Dans le même temps, il existe indéniablement une offensive de l’opposition à travers le mouvement social légitime du moment. Les forces de droite nicaraguayenne, défaites dans les urnes, essaient d’utiliser le mécontentement provoqué par la décision du gouvernement pour le transformer en sa faveur et le diriger vers un objectif politique consistant à éliminer ce gouvernement. En retour, cette dynamique, qui n’échappe pas au gouvernement, nourrit les logiques d’affrontement et de radicalisation.

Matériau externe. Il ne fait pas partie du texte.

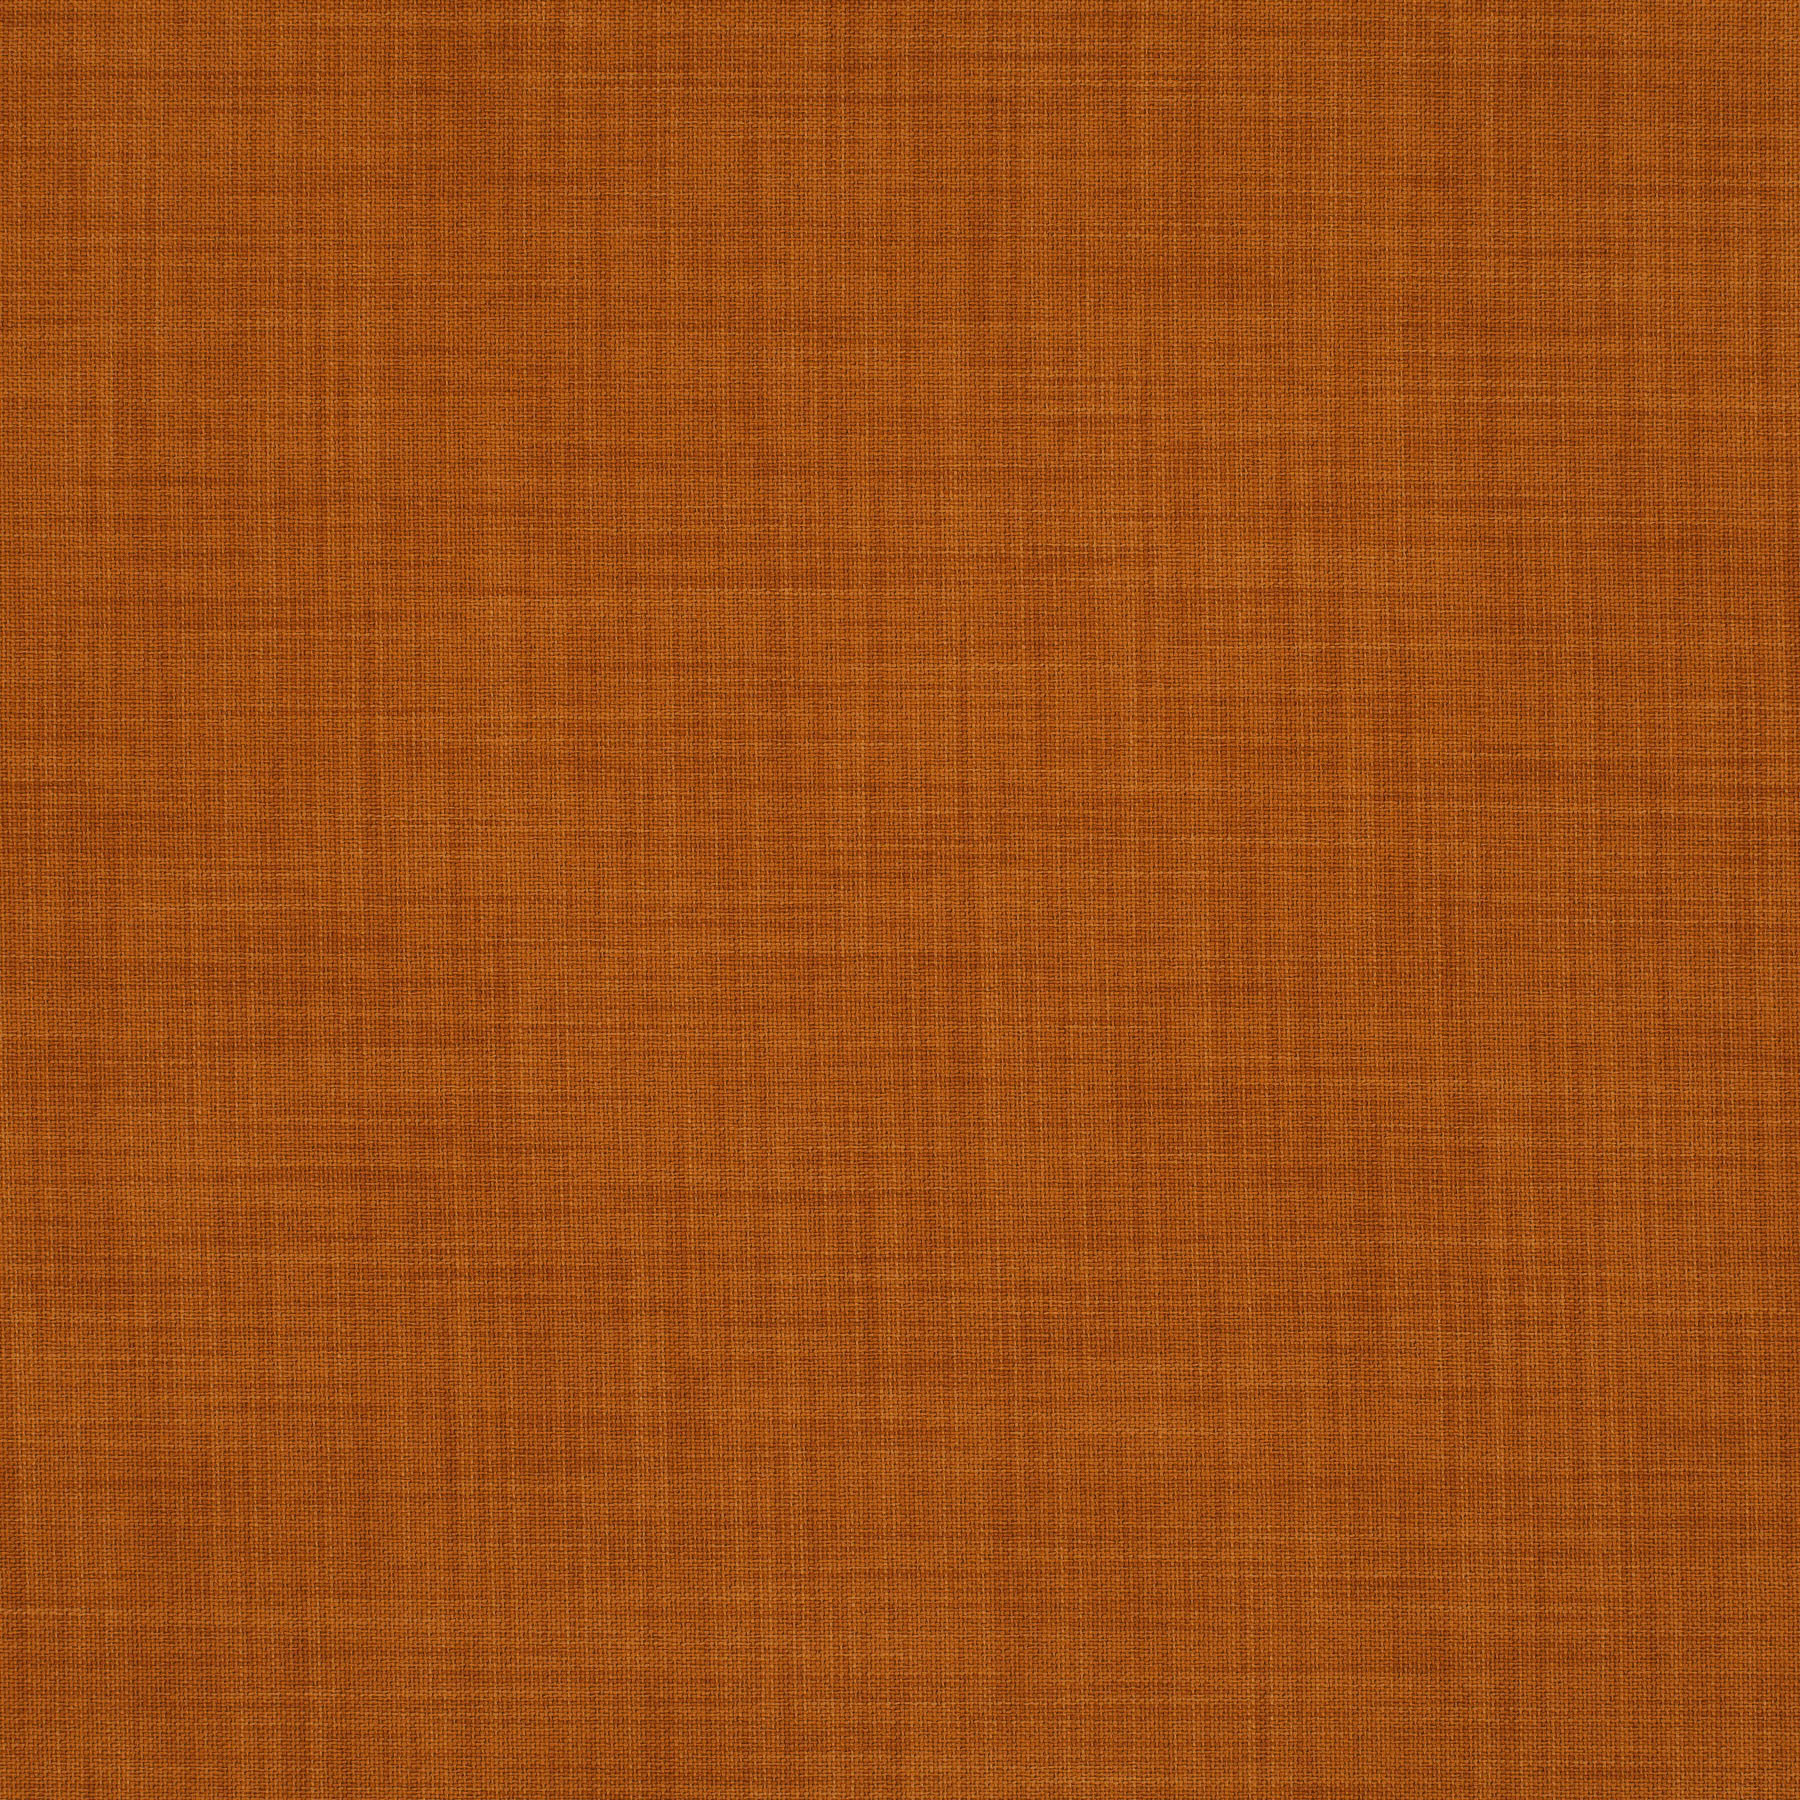 decoration fabric cosmos ch2657 061 jab anstoetz. Black Bedroom Furniture Sets. Home Design Ideas

De ce point de vue, il y a effectivement des similarités avec le Venezuela (période des « guarimbas » de 2014 et 2017). Ces stratégies de la tension et de l’insurrection sont développées par les oppositions de droite pour tenter de faire tomber les gouvernements en place, avec l’appui de relais internationaux de poids. Par exemple, Washington est désormais très impliqué dans le dossier nicaraguayen. Le Congrès américain a récemment adopté un « Nica Act » exigeant que toute forme de coopération financière internationale avec ce pays soit conditionnée à l’organisation d’élections et à la lutte contre la corruption. En 2017, Washington a drastiquement réduit son aide économique au pays et suspendu le Temporary Protected Status for Nicaraguan Immigrants (TPS), qui garantissait aux ressortissants nicaraguayens sans papiers vivants aux États-Unis de ne pas être renvoyés.
Le Nicaragua subit-il toujours l’influence de pays étrangers, en particulier des États-Unis ?
L’influence des États-Unis est incontournable au Nicaragua, notamment pour des raisons historiques liées aux années 1980, mais également pour d’autres raisons. Une des ambiguïtés du gouvernement d’Ortega est que les États-Unis sont le premier partenariat commercial de son pays. En effet, 50% des échanges du Nicaragua s’effectuent avec la puissance nord-américaine, par le vecteur d’un accord de libre-échange, critiqué par une partie de l’opposition de la gauche nicaraguayenne. Cette dernière dénonce les politiques économiques générales du gouvernement, qu’elle associe au néolibéralisme extractiviste.
L’influence américaine est réelle d’un point de vue commercial et capitalistique, et les intérêts de Washington se transforment en une forme de droit d’ingérence dans la vie politique locale.
Washington a une autre préoccupation : que le Nicaragua ne tombe pas sous l’influence de Pékin qui a le projet de construire un couloir interocéanique (Pacifique/Atlantique) dans la pays, inconcevable pour les États-Unis. L’enjeu géopolitique et économique est au cœur de ce projet. Ce couloir permettrait de concurrencer le canal de Panama afin de capter une part du transit commercial mondial. Même si ce projet n’a pas vu le début de son commencement depuis qu’il a été annoncé en 2013 et que beaucoup se demande s’il se concrétisera, Washington veille.
Outre les États-Unis, le Venezuela a exercé une forte influence au Nicaragua ces dernières années, afin de soutenir l’autonomisation relative du pays vis-à-vis de la puissance nord-américaine et d’élargir sa diplomatie régionale. Pour cela, Caracas a financé à hauteur de 500 millions de dollars par an la coopération vers le Nicaragua dans le cadre de l’Alliance bolivarienne pour les peuples de notre Amérique (Alba). La crise vénézuélienne d’aujourd’hui fait que Managua perd un partenaire déterminant sur le plan économique. Cela oblige le pays à trouver des alternatives, notamment avec la Chine, et à ne pas complètement se couper des États-Unis et des institutions internationales.
Ainsi, le pays est écartelé entre toutes ces difficultés, et doit manœuvrer avec ces différentes influences afin de construire son futur.